Margaret Louise Hines (October 15, 1909 – December 23, 1985), also known as Marjorie Hines or Margie Hines, was an American animation voice artist. 

She was known for her work at Fleischer Studios, where she was the original voice of Betty Boop, (although Little Ann Little erroneously claimed to have been the first and longest serving voice artist), Hines served from 1930 until 1932 and again from 1938 until 1939, before voicing Olive Oyl and Swee' Pea in the Popeye the Sailor cartoons from 1938 to 1944. She also provided the voices for Fleischer's animated films Gulliver's Travels and Mr Bug Goes to Town.

Career 
Hines was the original voice actress for Fleischer's cartoon character Betty Boop, whilst she was touring vaudeville she was heard by vocalist Billy Murray, an employee at Fleischer studio who suggested she was the right choice for the voice of the character she made her who debut in the cartoon short Dizzy Dishes in 1930, studio head Max Fleischer hired Hines, as she was a Helen Kane sound-alike, and Kane was the basis for the character, who in turn based her act on singer and child entertainer Baby Esther. Hines and several other actress voiced Betty until Mae Questel took over the role in 1931.
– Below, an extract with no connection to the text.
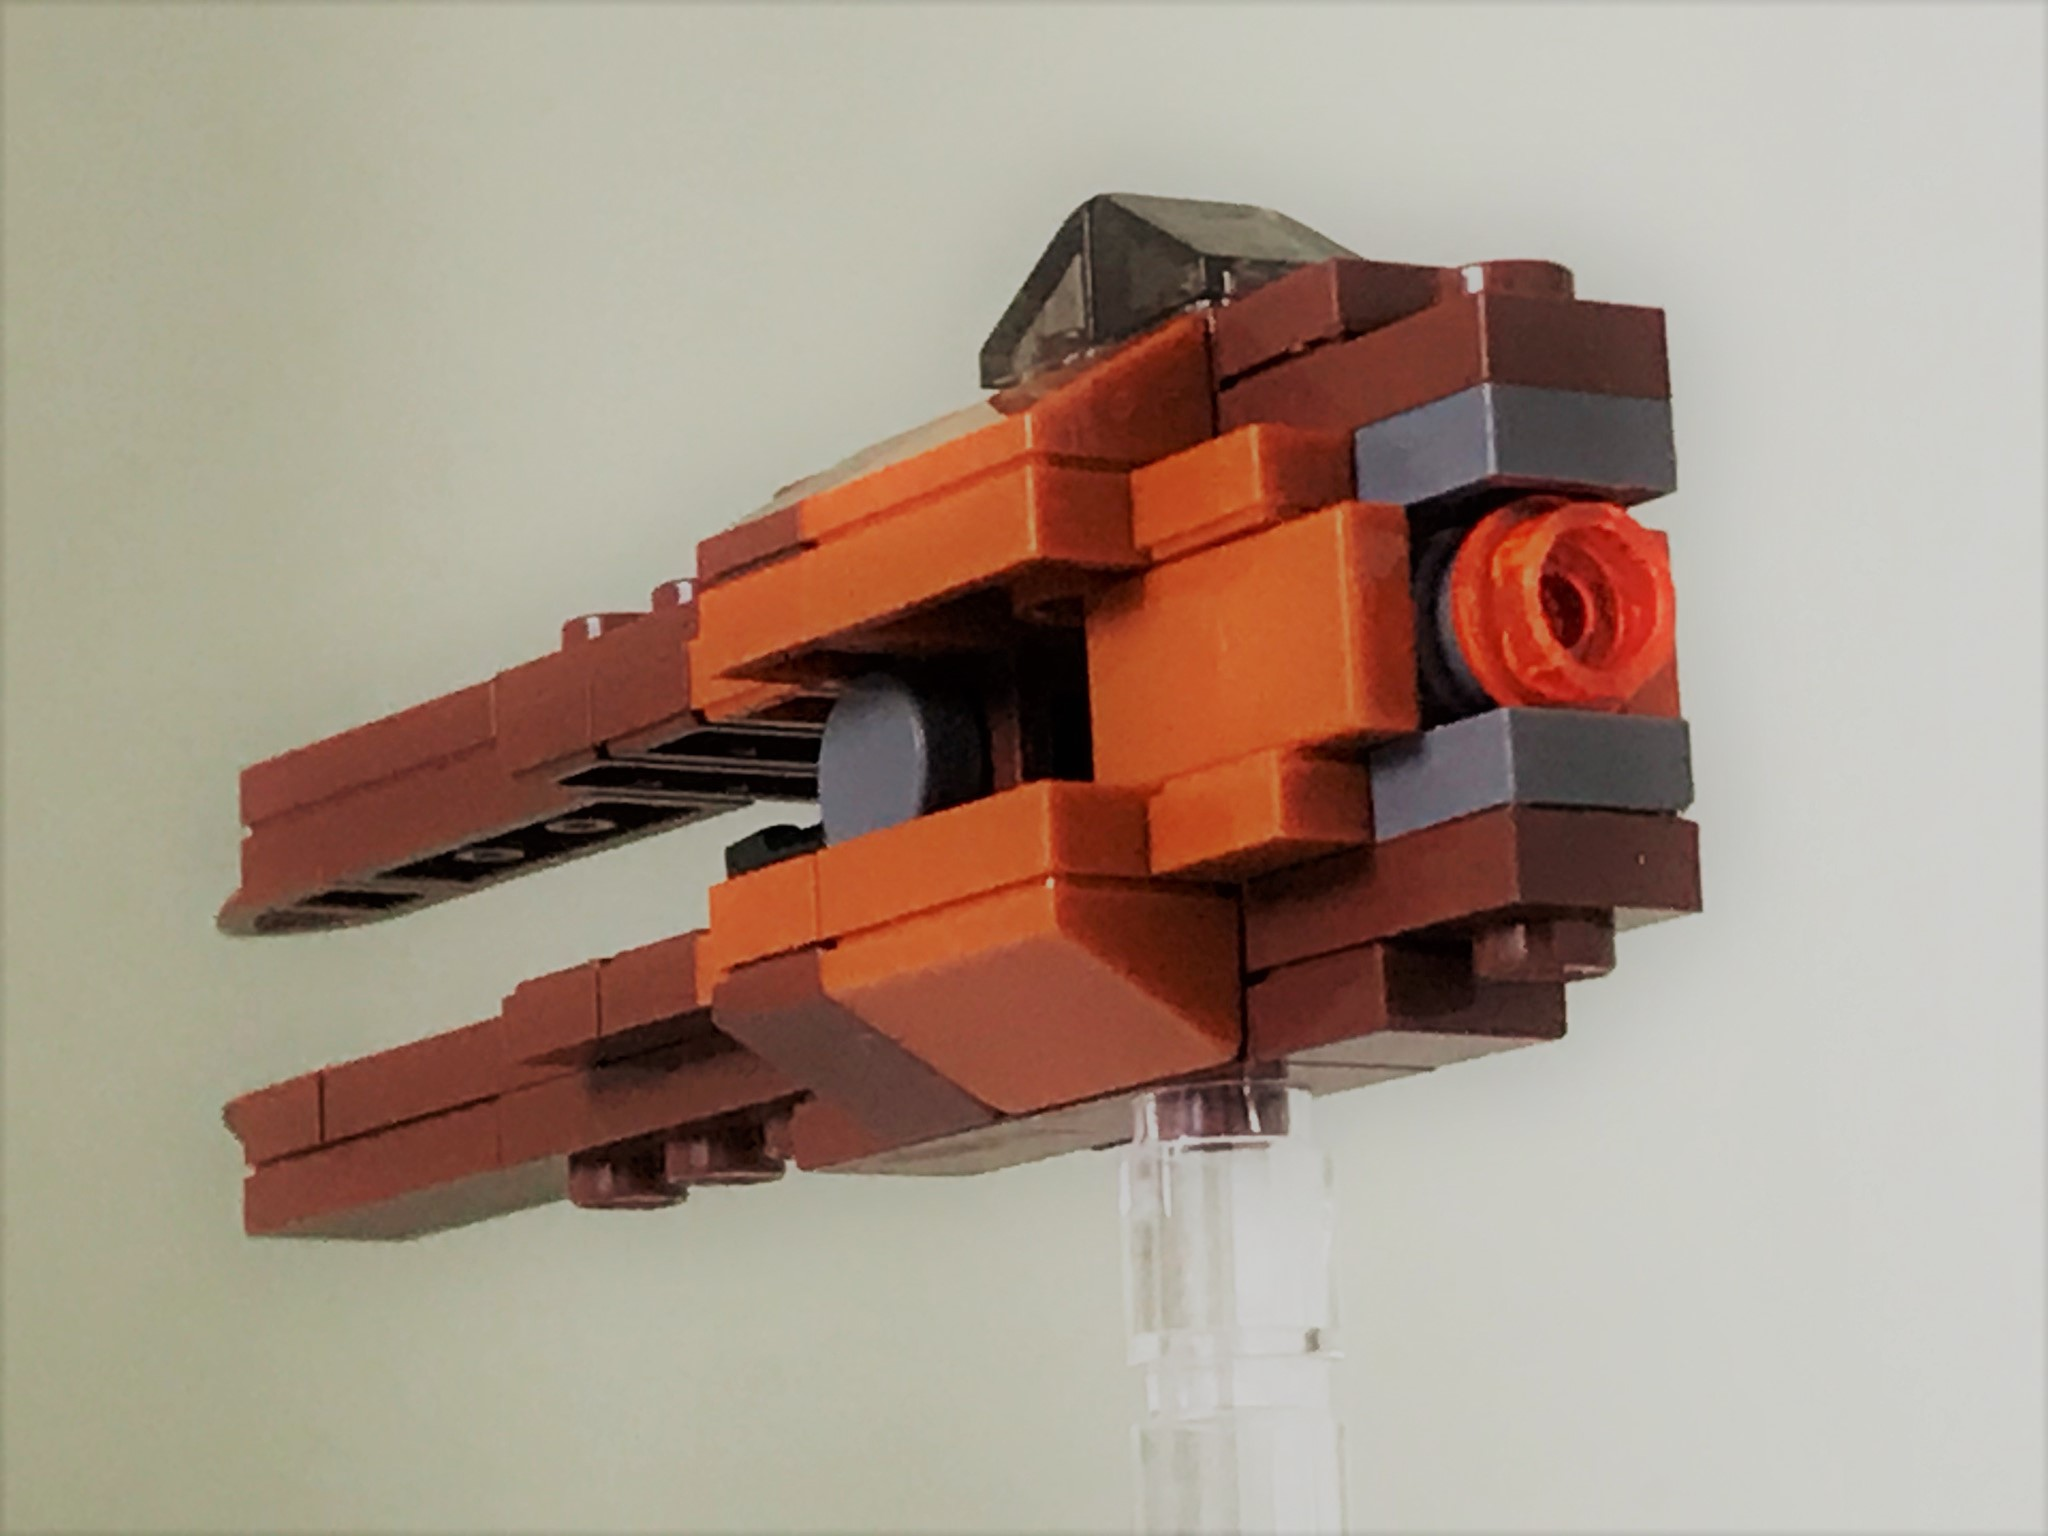 geonosianfighter3.jpeg

Beginning in 1932, Hines also did vocals for Aesop's Film Fables and Tom and Jerry produced by Van Beuren Studios. Her Van Beuren credits were erroneously attributed to Bonnie Poe, another actress who'd worked for Fleischer on Betty Boop cartoons.

Mae Questel, who was Fleischer's voice for Betty Boop and Popeye characters Olive Oyl and Swee'Pea during the mid-1930s, was unable to move with the Fleischer Studios staff when they left New York City for Miami. As a result, Hines was hired to replace Questel in both the Betty Boop and Popeye series, beginning in 1938. Hines voiced Betty Boop through her final series entries in 1939, and continued to voice Olive until 1943, when the studio, by then taken over by Paramount Pictures and renamed Famous Studios, returned to New York. The Marry-Go-Round (1943) was Hines' final short as the voice of Olive, with Mae Questel returning to the role in 1944.

Personal life 
Hines was born in Glendale, Queens, New York City, in October 1909 as Margaret Louise Hines.

On March 3, 1939, at the purported age of 21, Hines married her 29 year old co-star Winfield B. "Jack" Mercer, who provided the voice of Popeye. At the time of her marriage, her mother lived on Long Island and had the two remarry at a New York church. The two later divorced in 1950. Hines married for a second time in 1951, to Raymond Brenneis (1922–1981), in Greenwich, Connecticut. However, the couple divorced in 1954. In 1956, Hines married Jesse William Heidtmann (1918–1997) in Southold, New York.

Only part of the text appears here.